Босиком по льду идёт весна. Скоро каникулы.
За ней топает стадо саранчи в валенках. Ледобредит залив. Саранча ёжится на берегу, платочками машет. Льдина с учительницей кружится, искрится. Вчера был день. Паденье тел усталых, трепетанье флага, картины, сон – всё вдалеке. Вот исчезает берег. Вечер. Вечер.
Сияющий эллипс
В зоологическом музее тишина, безлюдье. В блестящих, скрипящих на чётных ступенях туфлях поднялся на второй этаж. Долго искал. Выбился из драгоценного терпения. Поднялся выше. Медленно подошёл к искомому. Склонился.
На сфере жемчуга сидит тарантул старый. Он обнимает серебристый кокон, и согревает молчаливо, и чувствует: искрится напевное сияние. То – сожаленье об утрате моря, о предстоящем плене в лапках броши на человеческой груди крикливой. Молчит паук. Скорбит, что жемчугу не стал он другом, хотя за согревание расплата больше, и за свободу от ювелирных козней – тоже. Отдай мне, шар, уменье продаваться, я каплю яда подарю за это, чтоб полновесней и сильнее стали моя угрюмость и света твоего спирали… Он был последним посетителем. Покидая скелеты и мумии, мысленно произнёс: вы уже там.
Цивцувили пташки. Небо расхорошелось. Асфальт пропотел. Корабельные рощи воспрянули духом. Колбы жизни взорвались оранжевопенно.
Этим утром, надевая рубашку, ощутил укол-удар в центр спины, в позвоночный столб. Выгнул спину. В сердце шумел напалм. Пал на колени, ударился лбом о пол. Позволил таракану пощекотать барабанную перепонку. Откуда боль? Горячо, воспаленье легких: раздавил зубами бутерброд со стеклом. Шестой этаж, в кабине лифта отвалился пол. Спасли подтяжки. Вернулся в комнату. Снова удар в спину. Откуда в квартире шершни? Поставил ноги в таз со льдом: пусть тело само выбирается из горячки, клин – клином… Казалось, внутри позвоночника застряла блесна с кованым тройником. Но вдруг полегчало, отвлекли шпалеры пейзажей, шрапнельные взрывы зеленотопольных перспектив.

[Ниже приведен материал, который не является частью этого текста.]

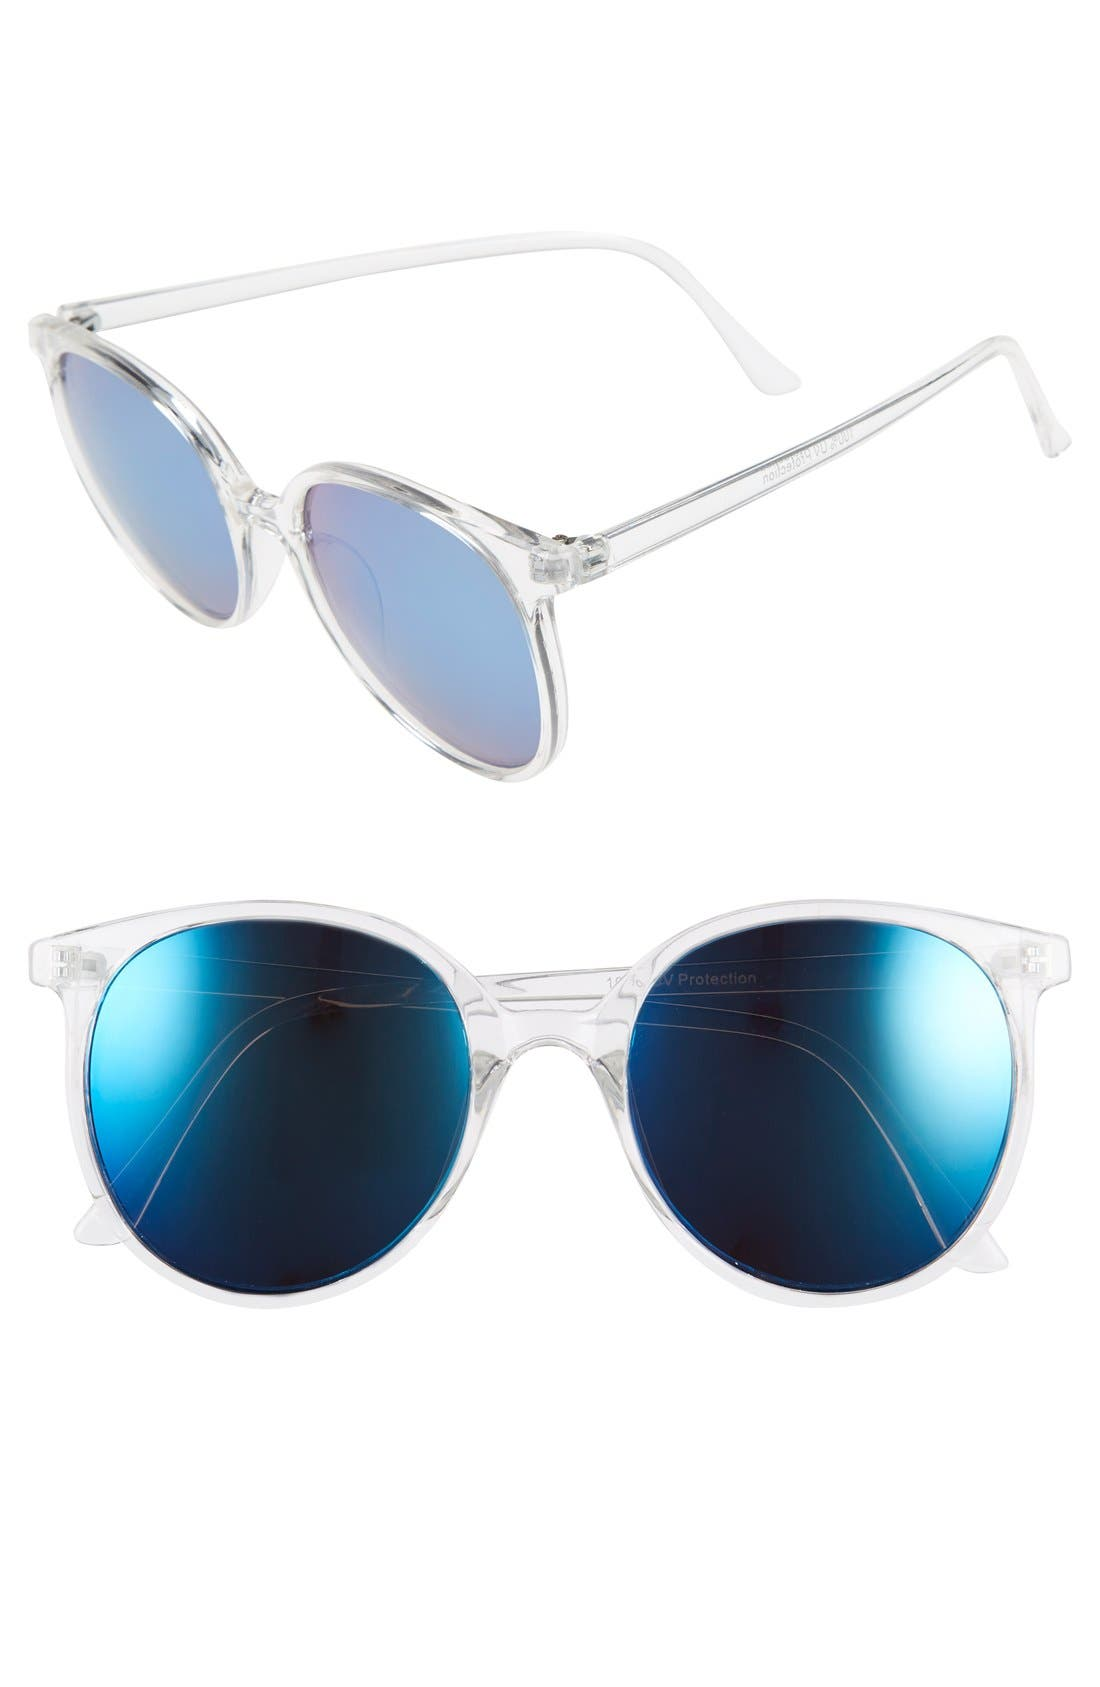 Alternate Image 1 Selected - BP. Mirrored Round Sunglasses

Самое славное время в городе – с девяти до десяти. Уже заполнены заводы и институты, школы и детсады. Началось повествование о стальной балке, об аденоме, о династии Аккада, о кошмаре крепостничества и семи богатырях. В эти часы, точнее – в эти минуты город без пешеходной эфемерности, без давок, криков, элегически причёсан утренней хмарью или зыбкими нитями дождепадов. Вобрав полусонных детей своих, проглотив то, что выплюнул по звонку будильника, он снова одинок и покинут. А без покинутости он походил бы на базар или на тараканник. И надо спешить пройти по ещё незашарканным мостовым, по пустым прохладным дворам, пробежать взглядом по спокойным гладям Устья, чтобы прошептать про себя: всё на месте. Последнее слово не успевает долететь от бронхов до зубов; дым, пар, зыканье, цаканье, бубуканье, трак-траканье взрываются над бывшими топями и, вставший на дыбы гигант, скинув поэтическую маску прошлых веков, конвульсирует в повседневной неизбежности дел.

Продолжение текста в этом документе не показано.